El hombre de ciencia nunca ha sabido qué hacer con el espíritu. En realidad, siempre ha preferido tenerlo que encontrarlo. Como un rey Midas de segunda división, el científico convierte en materia todo lo que toca, puesto que la materia es su tema, el objeto que dócilmente despliega las conexiones que sustentan sus leyes y las distribuciones azarosas de sus estadísticas. Es comprensible que sólo le interese la materia. Ello no tendría por qué generar ningún problema, pero al mismo tiempo es un curioso universal que se interesa por todo. Los dos factores unidos han conducido con frecuencia a la tesis de que “todo es materia”. En los siglos XVII y XVIII esto no dejaba de ser un sueño de la razón (por no decir mejor una fantasía de la mente cuando la razón dormía). Sin embargo, en los siglos XIX y XX se convirtió en un desafío que aún hoy hay que tomar muy en serio.
Se ha querido asimilar con demasiada precipitación ciencia y materialismo, con lo que se ha forzado artificialmente su capacidad explicativa
Frente al materialismo supuestamente aliado con la ciencia, los creyentes han presentado un frente muy dividido. (…) Muchos hombres de fe no tenían inconveniente en pactar con el materialismo cuando se ponían la bata. Hay que suponer que practicaban, aun sin reconocerlo, una teoría de la doble verdad. Su posición se basaba asimismo en la tesis de la separación radical, tesis cómoda para quien se escuda en una posición defensiva equivalente a un salomónico reparto de competencias que otorga a la ciencia el conocimiento y a la religión el sentido, el valor o algo parecido. No obstante, tiene que enfrentarse al inconveniente de que a la postre es imposible desligar lo que se atribuye a una y a otra.
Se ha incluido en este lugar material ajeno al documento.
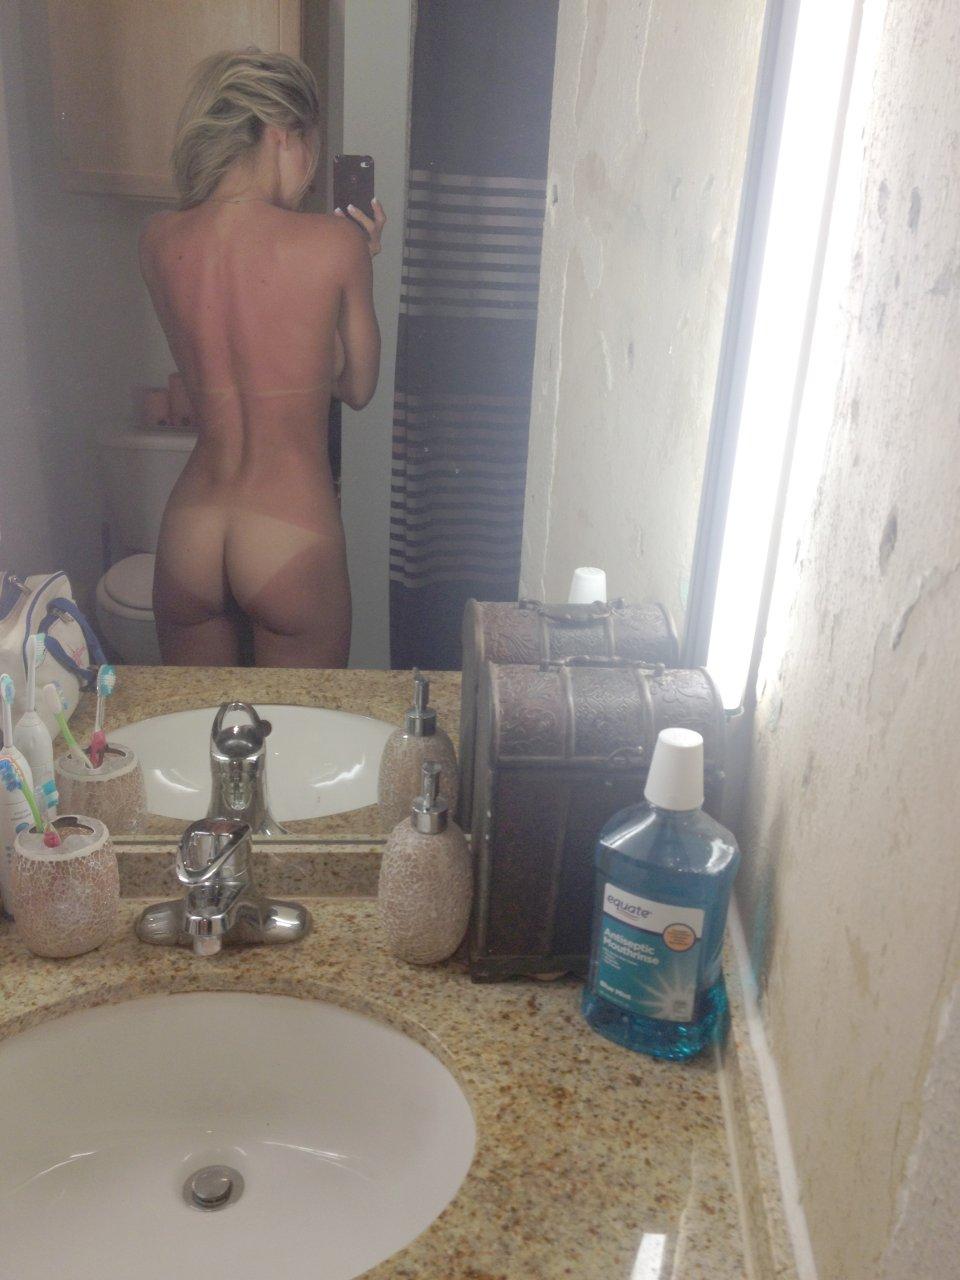 Phrase... super, nude cheerleaders leaked naked something is

La tesis de la separación (…) no resuelve nada porque todas las distinciones dejan de funcionar satisfactoriamente cuando profundizamos y llegamos a los estratos básicos de la mente: inteligencia, voluntad, intuición, raciocinio, afecto, sentimiento, razón teórica y práctica, etc., son conceptos que poseen perfiles reconocibles cuando los ponemos sobre la mesa para diseccionarlos como si fueran cadáveres; pero cuando se devuelven a la unidad viva y palpitante que es el hombre empiezan a mezclarse unos con otros.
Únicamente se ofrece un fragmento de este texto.